--- PROVIDED DATA ---
Start of Block

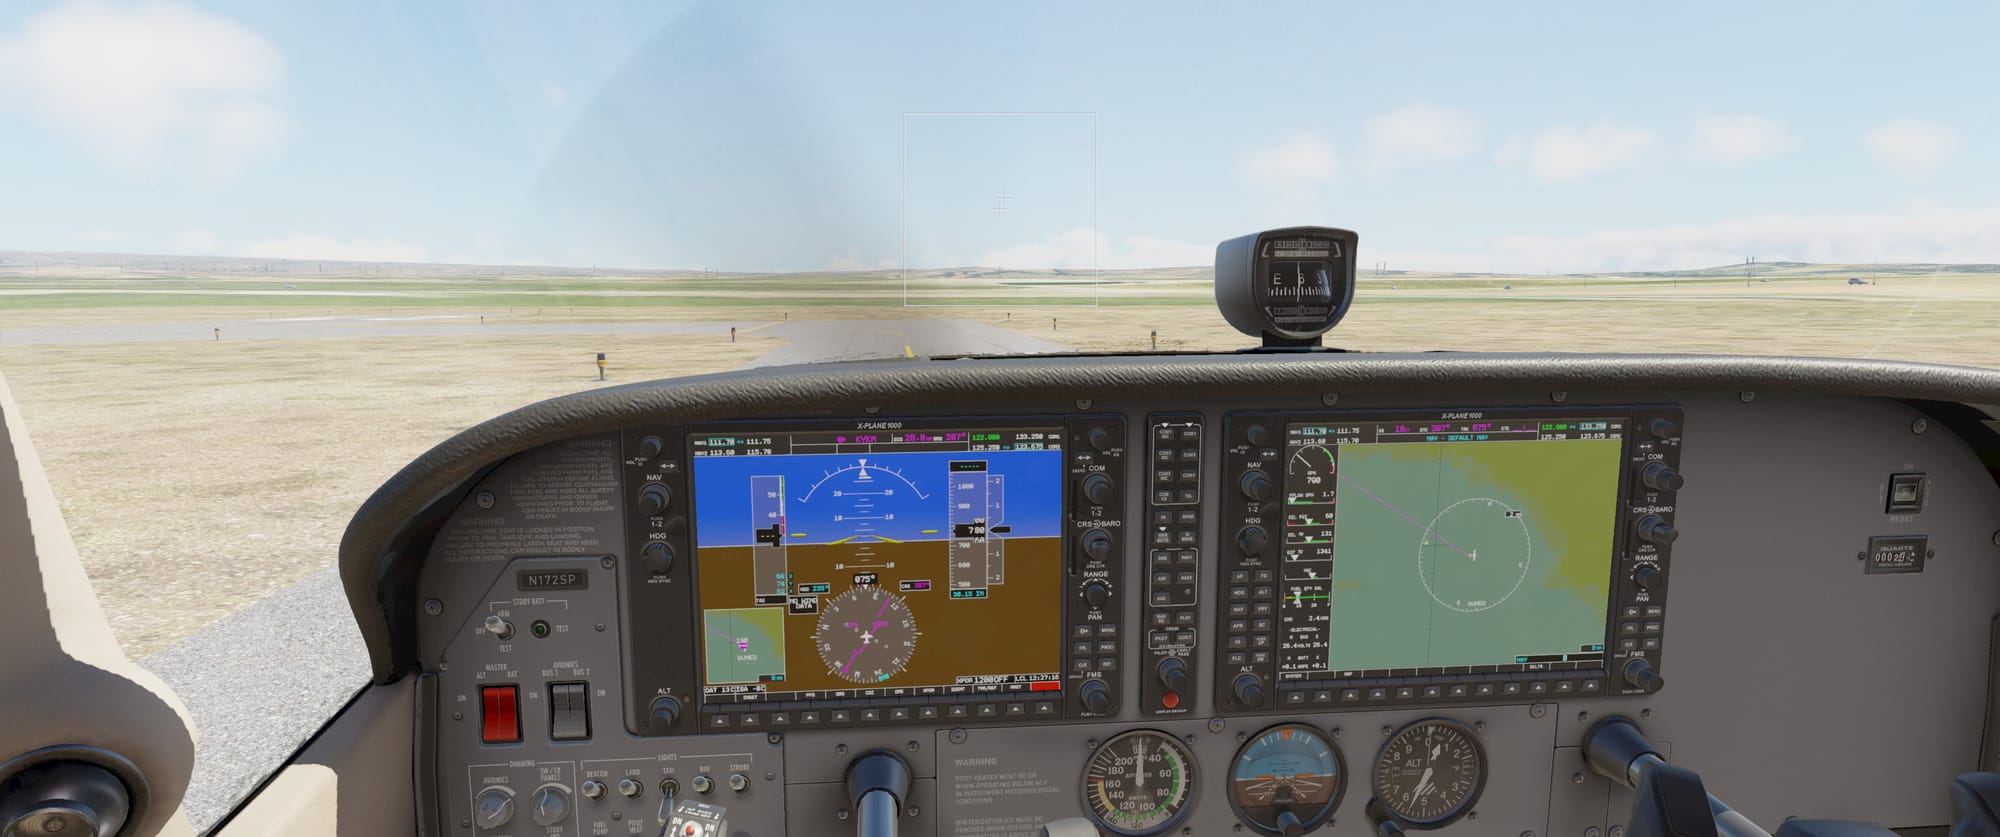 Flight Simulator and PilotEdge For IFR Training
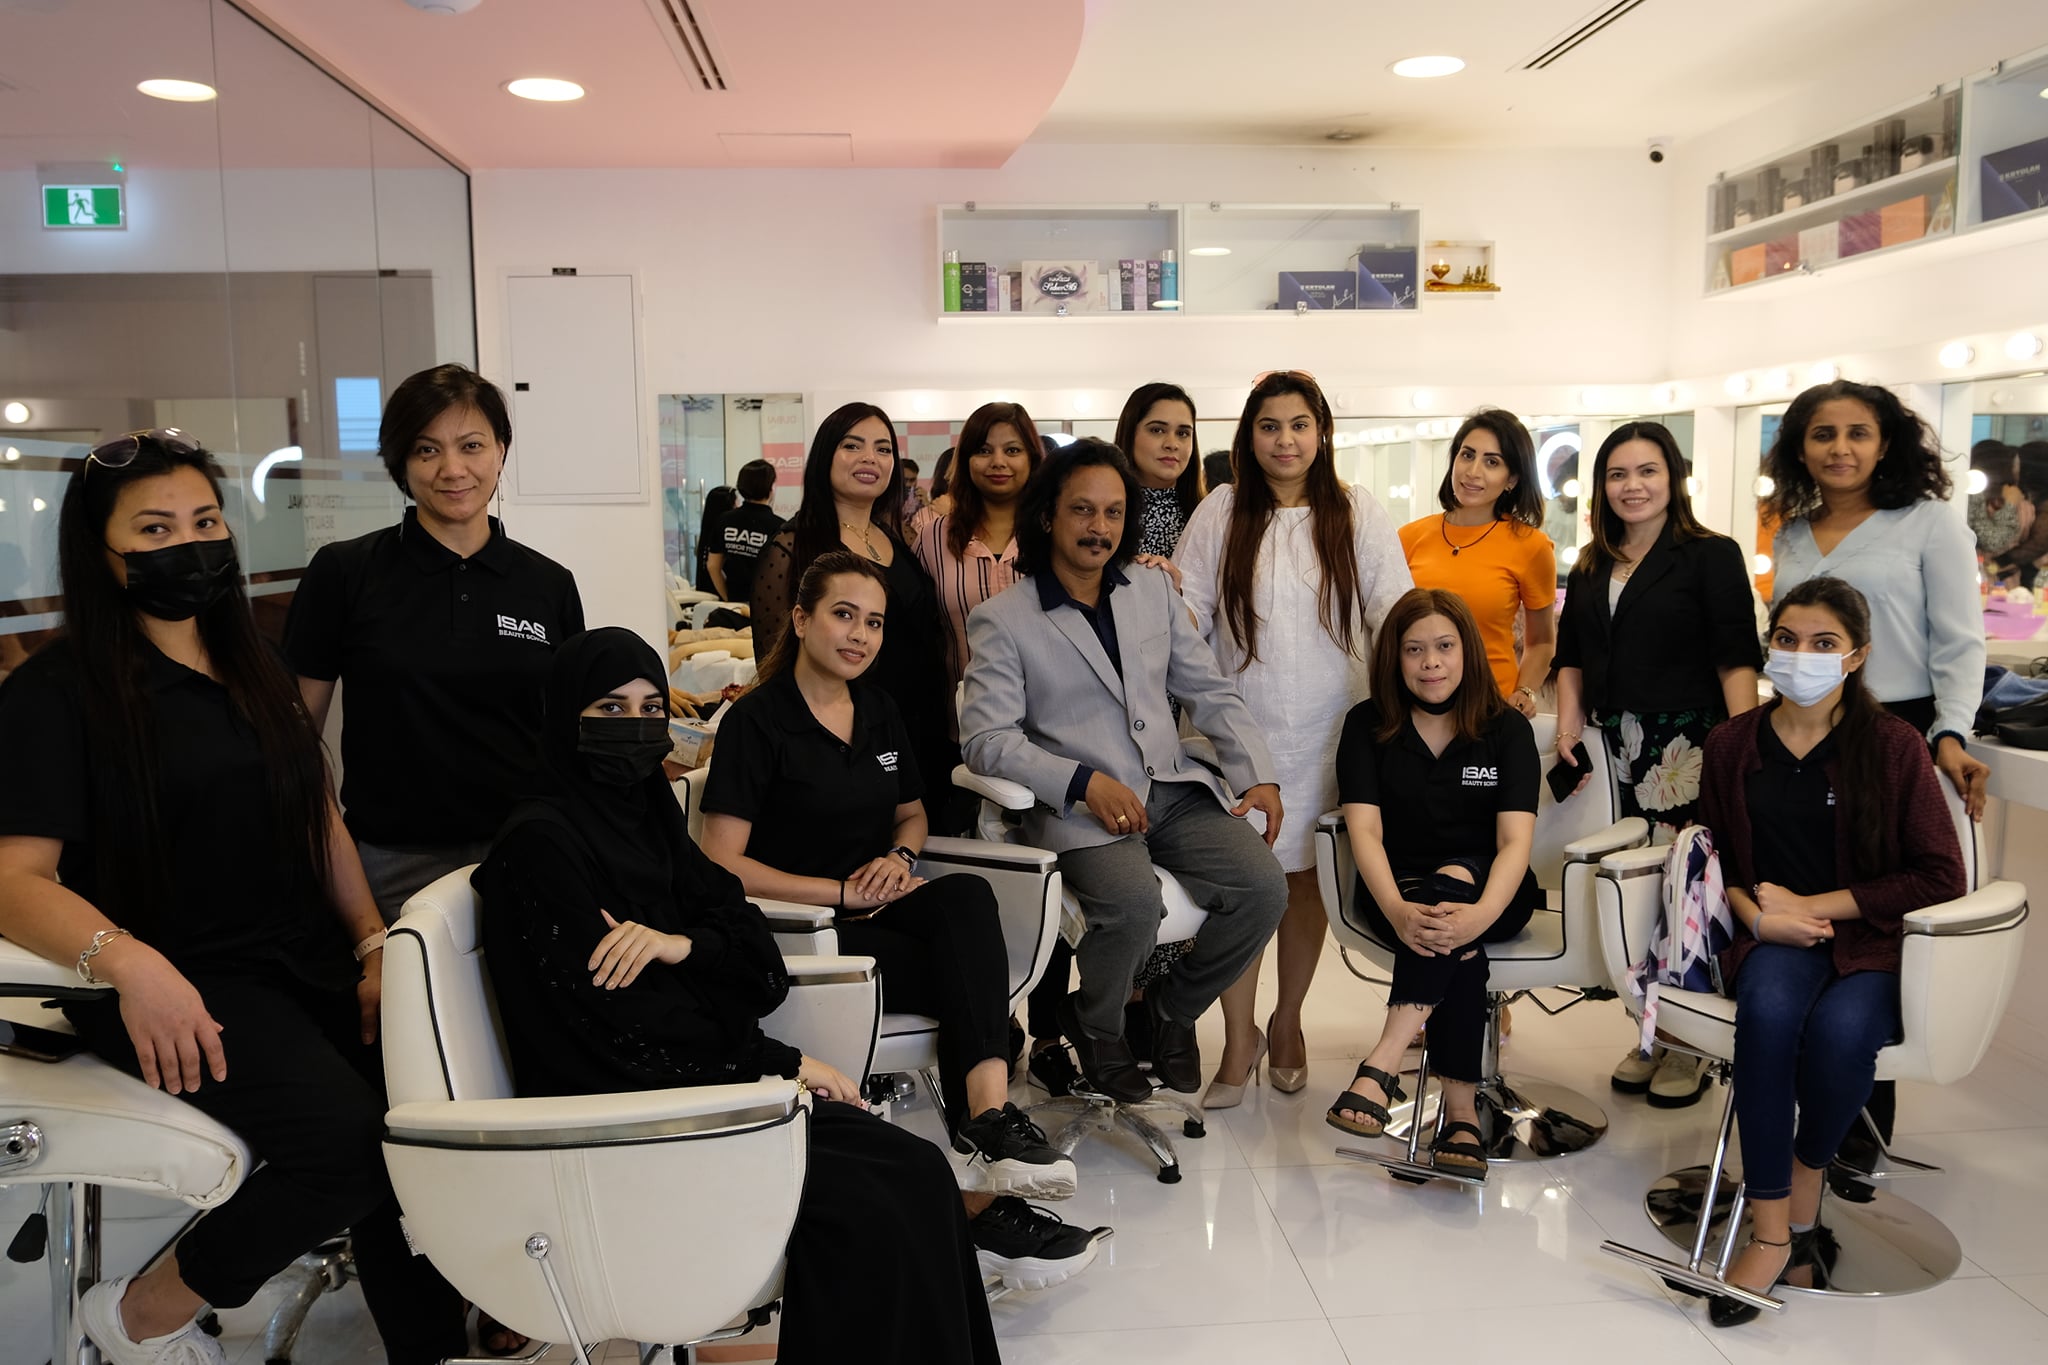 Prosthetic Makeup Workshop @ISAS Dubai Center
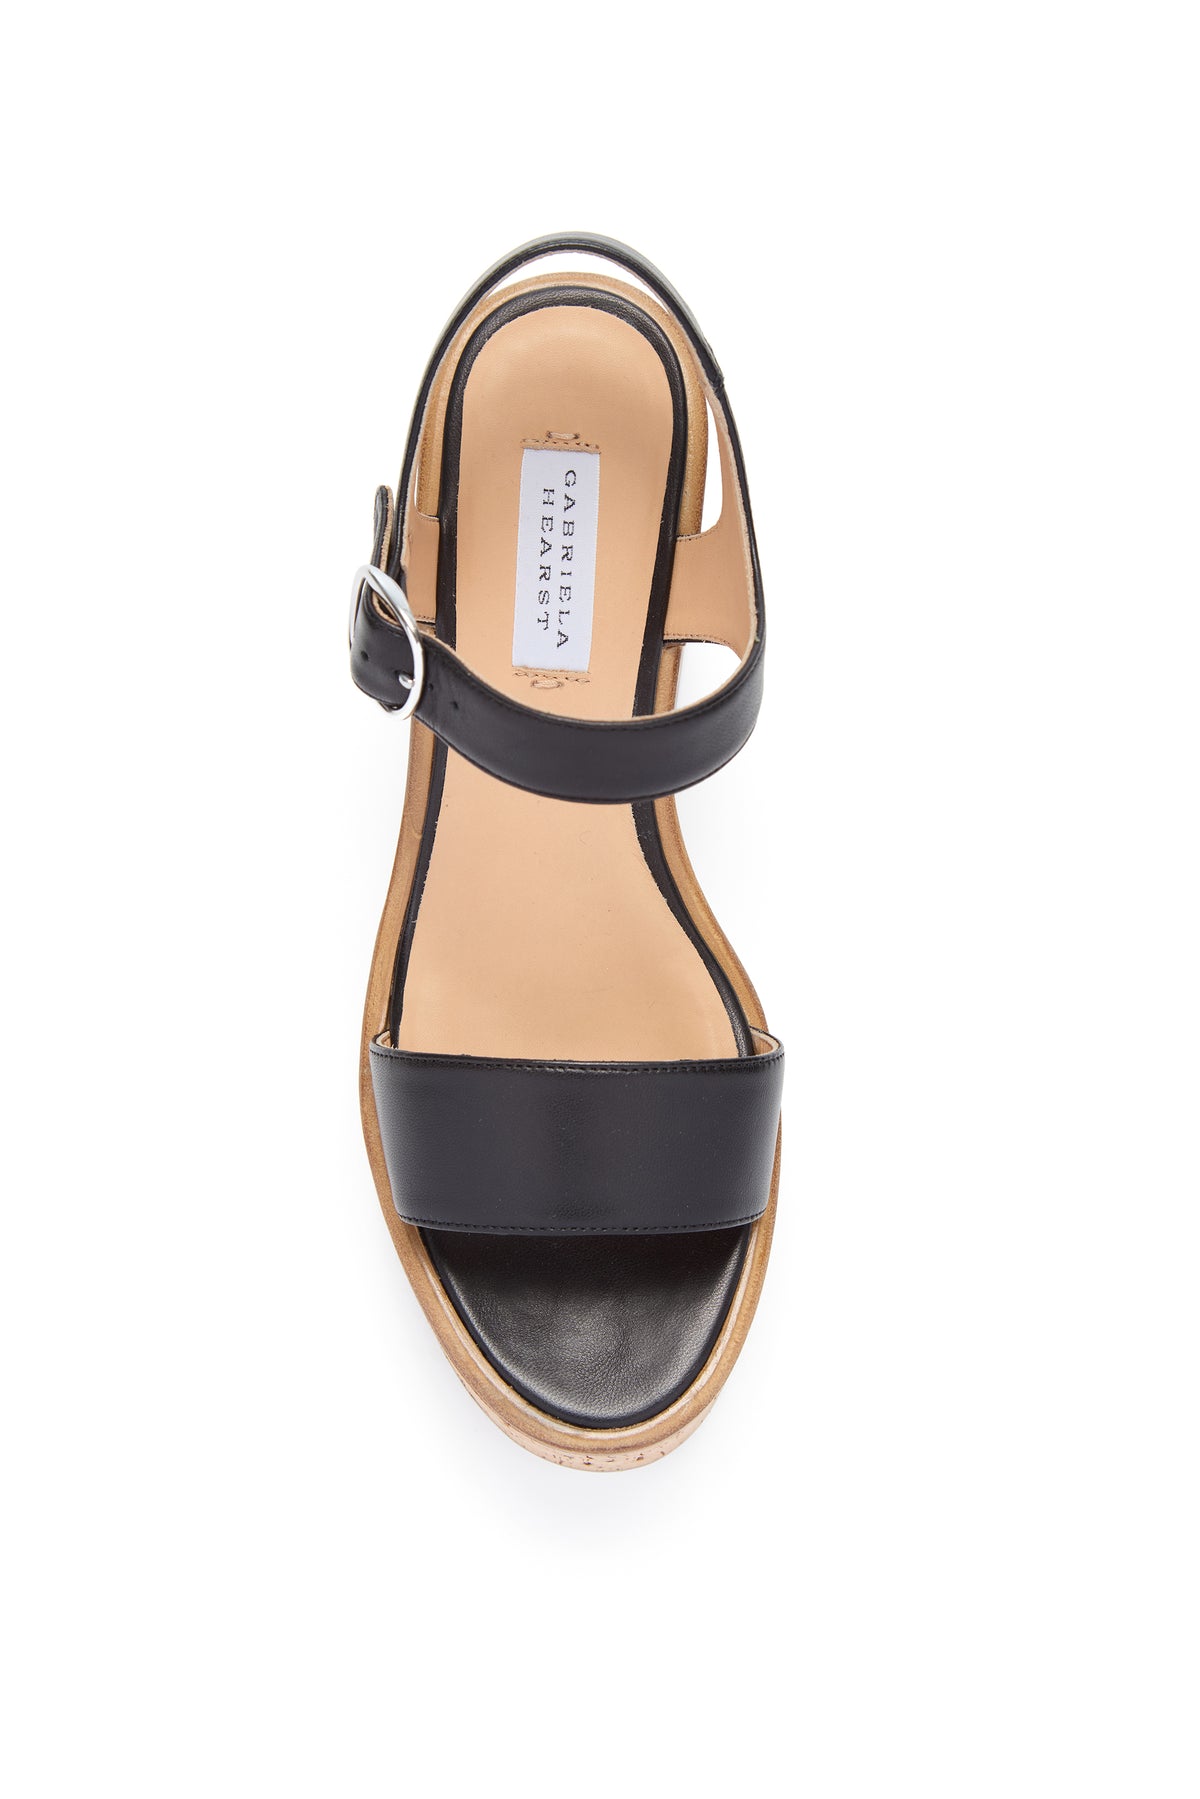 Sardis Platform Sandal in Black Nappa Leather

End of Block

--- TASK GOAL ---
Your reply should consist of the data, transcribed exactly, and should hold no pictures.

--- RESPONSE BOX ---
 Flight Simulator and PilotEdge For IFR Training
 Prosthetic Makeup Workshop @ISAS Dubai Center
 Sardis Platform Sandal in Black Nappa Leather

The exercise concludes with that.